The reason base editing matters comes down to mechanism. Traditional CRISPR-Cas9 works by introducing a double-stranded break in the DNA at a specific location, then relying on the cell's own repair machinery to stitch it back together. That repair process is messy. The cell joins the two broken ends but doesn't particularly care about the exact sequence, often inserting or deleting bases along the way. The result is a heterogeneous mixture of editing outcomes, and the entire process activates DNA damage response pathways that stress the cell.

Base editing solves this by keeping the precision of CRISPR while removing the cutting. Beam fuses a modified Cas9 enzyme to a deaminase that performs precise chemistry on the genome, converting one base into another, an A to a G or a C to a T. No double-stranded breaks. No reliance on the cell's repair machinery. Just predictable, consistent edits across the population of cells being treated, with less stress on those cells and higher chances they regain functional status after the edit. For most of Beam's history this technology was a story stock, trading on the promise of what base editing could become. That changed when Beam decided to take BEAM-302, an in vivo base editor for alpha-1 antitrypsin deficiency, all the way through clinical development itself.

BEAM-302 is the company's lead in vivo program and the first real clinical test of whether base editing can deliver on its scientific promise. The drug is a lipid nanoparticle carrying two cargoes: an mRNA encoding a base editor protein, and a guide RNA that directs the editor to the exact site of the disease-causing mutation. A single intravenous infusion delivers it to the liver, which is the most accessible organ in the body for systemic drug delivery because hepatocytes naturally take up LNPs via the LDL receptor pathway. Inside the cell, the editor chemically converts the wrong base back to the correct one. The mRNA degrades within days. The DNA edit is permanent.

The disease BEAM-302 is targeting is one of the cleanest test cases imaginable for an in vivo gene editor. Which brings us to AATD.

Alpha-1 antitrypsin deficiency, or AATD, affects roughly 100,000 Americans and is caused by a single misspelled letter in the SERPINA1 gene. That single G-to-A mutation produces a protein, AAT, that misfolds as it's being made in the liver. The misfolded version gets stuck inside hepatocytes instead of being secreted into the bloodstream.

This produces two organ failures from the same mutation. The liver fills up with toxic polymers of the misfolded protein, driving progressive fibrosis and cirrhosis, sometimes ending in transplant. The lungs go unprotected from neutrophil elastase, the protease that AAT is supposed to inhibit, leading to early-onset emphysema. About half of severe AATD patients develop significant lung disease. A meaningful fraction develop liver disease serious enough to require transplant.

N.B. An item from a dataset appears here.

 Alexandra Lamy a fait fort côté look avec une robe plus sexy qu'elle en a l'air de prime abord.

The standard of care for the lung is augmentation therapy: weekly intravenous infusions of plasma-derived AAT for life. It runs roughly $100,000 a year per patient. It slows lung function decline but doesn't stop it. It does absolutely nothing for the liver, which has no approved therapy at all. And it can't mount what's called an acute phase response, the natural three- to fivefold increase in AAT levels that healthy people experience during infection or inflammation, exactly when the lungs need the most protection.

A typical AATD patient on augmentation therapy sits in an infusion center every week of their adult life, often with a port surgically implanted in their chest to spare their veins from collapse, while their liver disease progresses untreated. This is the standard of care.

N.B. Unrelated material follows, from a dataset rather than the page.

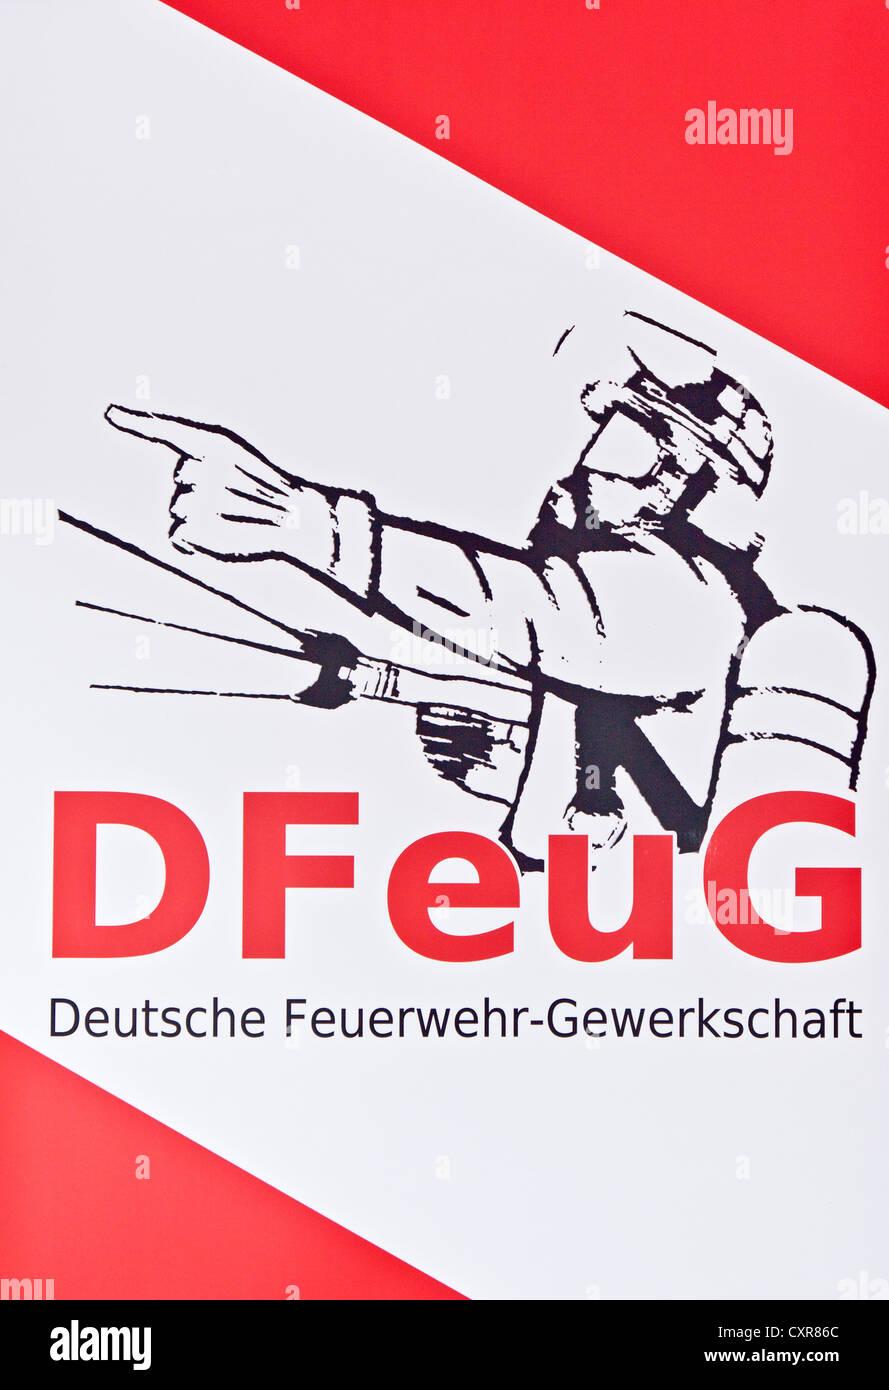 Banner, DFeuG, Deutsche Feuerwehr-Gewerkschaft, German firefighters' union - Stock Image

Which brings us back to that data readout. In Beam's Phase 1/2 study, 29 patients received a single intravenous infusion of BEAM-302 across multiple dose levels. At the optimal 60 milligram dose, mean total AAT reached 16.1 micromolar, well above the 11 micromolar protective threshold. Toxic Z-AAT was reduced by 84 percent. Newly produced functional M-AAT comprised 94 percent of circulating protein, a composition that actually exceeds carrier individuals who don't develop disease. Across 21 single-dose patients in the lung disease cohort, there were zero grade three or higher adverse events, and no dose-limiting toxicities.

But the data point that stops you in your tracks is the inducibility patient. One man in the 60 milligram cohort developed a respiratory infection roughly eight months after his single infusion. His total AAT levels spiked from a steady-state of about 16 micromolar to nearly 30 micromolar during the infection, then settled back down as he recovered. Through the entire spike, his AAT composition remained 95 percent corrected M-AAT.

What that single patient demonstrated is that the edited gene is operating under normal physiologic regulation. When his body needed more protein, his body made more protein, and the protein it made was functional. Augmentation therapy fundamentally cannot do this because it delivers a static dose. Beam edited the source code. The cell does the rest.

In January, Beam announced alignment with the FDA on an accelerated approval pathway for BEAM-302 based on biomarker endpoints, specifically AAT levels and the composition of corrected M-AAT versus mutant Z-AAT. That alignment matters for two reasons.

The first is practical. The pivotal trial design is now clear, the endpoint is agreed, and Beam can move from Phase 1/2 directly into the registrational study without regulatory ambiguity hanging over the program. A successful pivotal sets up a BLA submission rather than another round of negotiation with the agency about what the bar should be.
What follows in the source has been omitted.